Work to complete:
Without the images, repeat every line of the listing exactly.

Data section:
====================

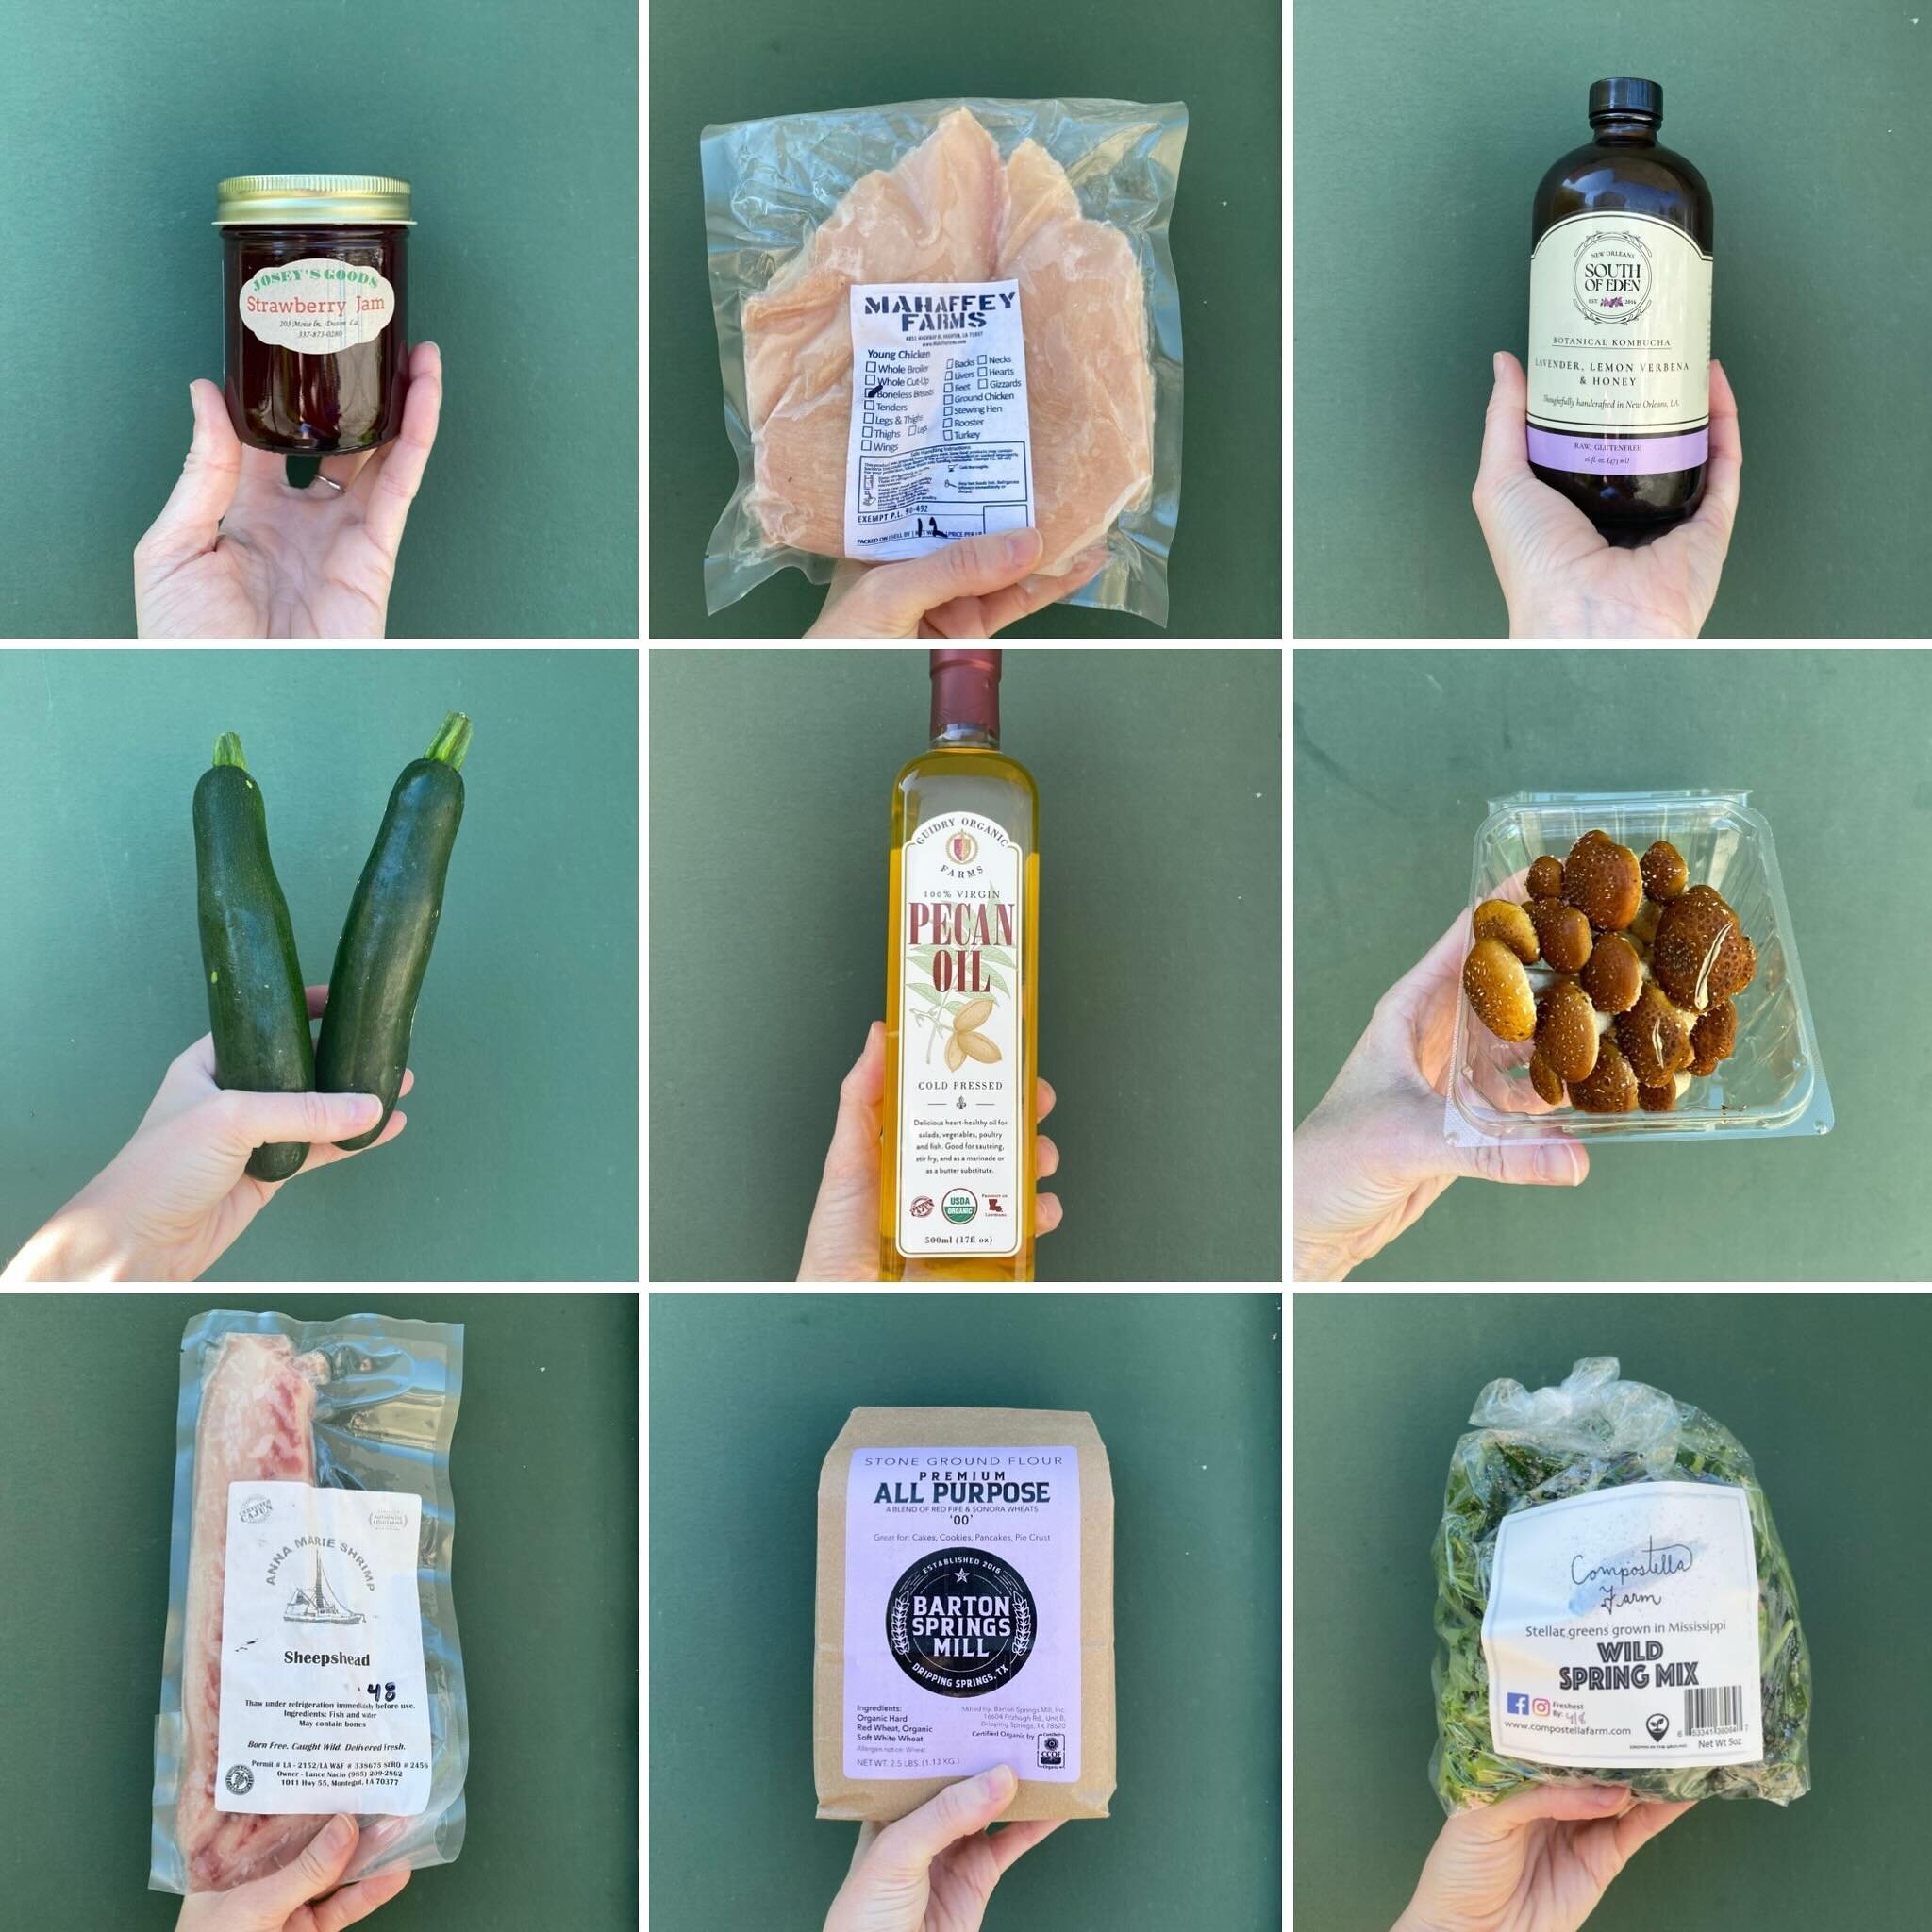 Nine of our featured local products right now&hellip;

Including restocked chicken and fish, spring greens, zucchini, gourmet mushrooms, a larger bargain size of cold pressed pecan oil, strawberry jam, kombucha and more.

Come see us in Metairie on t

====================

Exercise answer:
 Nine of our featured local products right now&hellip;

Including restocked chicken and fish, spring greens, zucchini, gourmet mushrooms, a larger bargain size of cold pressed pecan oil, strawberry jam, kombucha and more.

Come see us in Metairie on t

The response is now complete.